*Whine alert* *Whine alert* *Whine alert*
I'm not very good at waiting.
I am good at cooking, patchwork, bird-keeping, poetry, making up rude lyrics for songs, board games (don't play me at monopoly), reading books, shopping on a budget, writing novels (I think), making bread and reading tarot cards.
I'm terrible at waiting. (I'm also terrible at Suduko, dancing, knitting, horseriding, drawing, foreign languages, maths, playing piano and sports quizzes, among other things.)
I want to be one of those people who airily says, 'Oh, has it really been fourteen weeks and five days? Goodness, I didn't notice.' Of course I would have to become one of those people who says 'Goodness', which isn't likely, frankly. Of course, the stress makes me miserable. Not depressed, thank God, or even goodness, because depression is like being chained up in a box full of pain. But something akin to it, something like I just want to stay in bed and come out when it's over.
Isn't that pathetic? I had the nearly the best news a novelist could ever have: 'someone is going to offer for your book' ('they have done so' slightly eclipses it) and I'm sitting here whingeing. What I should be is productive, but even here I'm struggling to do my 1000 words a day. More like half that, and I'm not sure they're any good. People seem to be waiting a lot in my books at the moment. They are miserable, and it's raining. There is no chocolate.

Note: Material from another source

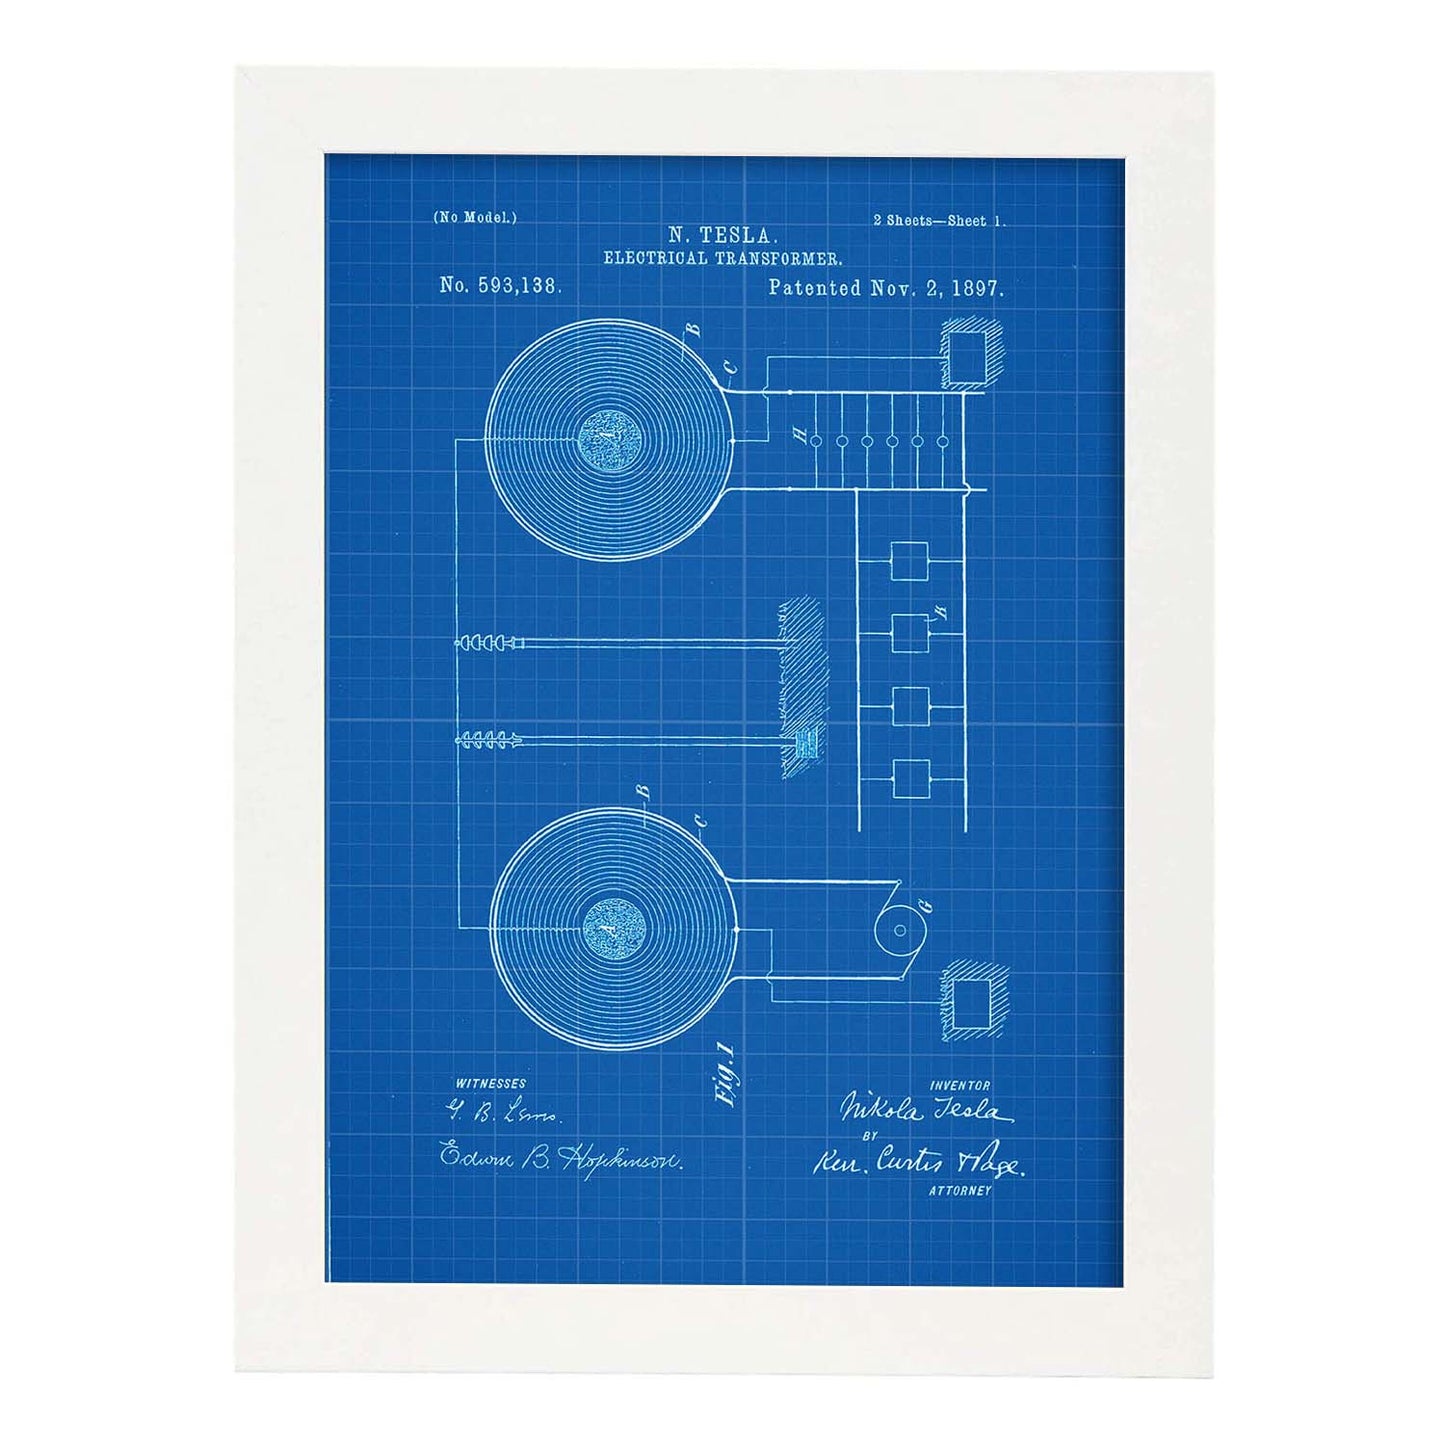 Poster con patente de Transformador electrico. Lámina con diseño de patente antigua-Artwork-Nacnic-A4-Marco Blanco-Nacnic Estudio SL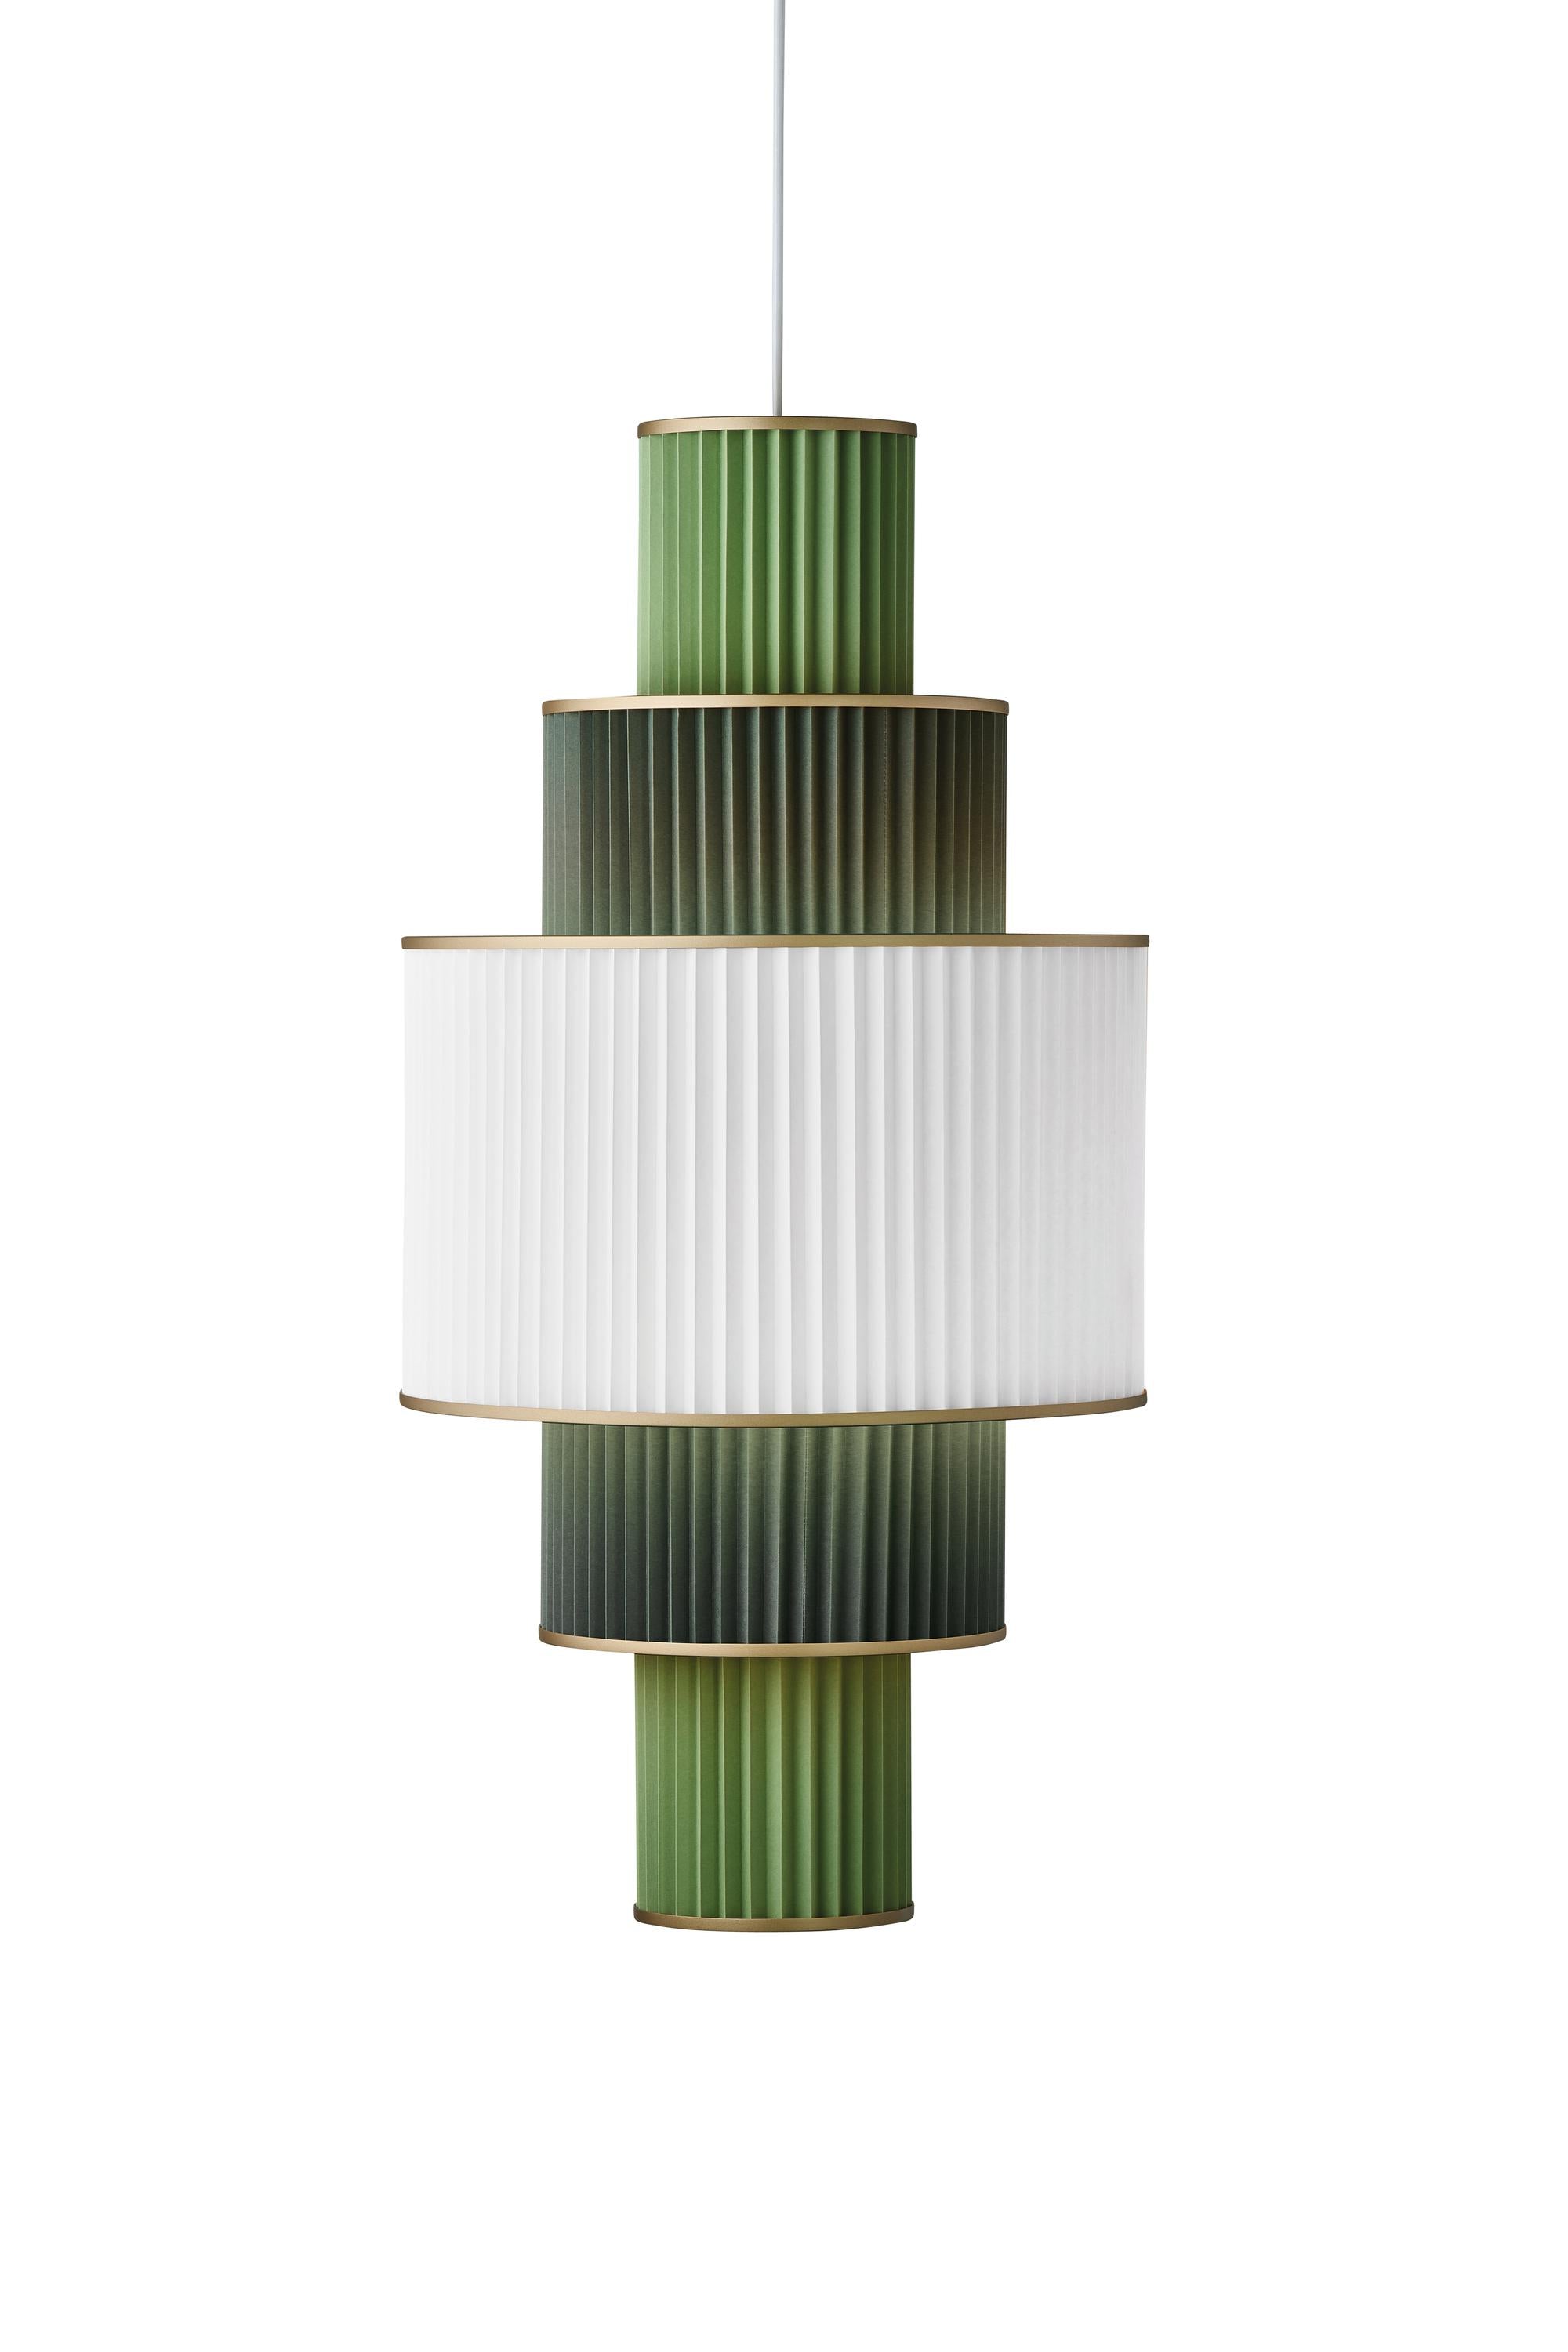 Le Klint Plivello Pendant Golden/White/Light Green med 5 skärmar (S-M-L-M-S)

Deep down, I find it hard to believe the good news. I mean, it hasn't happened yet, so it isn't real. My world is full of made up, for goodness sake (and again) I write fiction. The one anchor in all this, is my lovely agent. She is real, in fact her voice down the phone is so real it's sort of anchoring me in the place where I get a book deal. So I'm still planning my Oscar speech. (I would like to thank Earl Grey, whoever he is, without which I would never have finished a book...)
I am trying to wait quietly, without emailing my agent every four minutes 'Are we there yet?' because she would phone if we were. I'm trying to see the joy in the rest of my life. But I can't get past it. I WANT MY GOOD NEWS!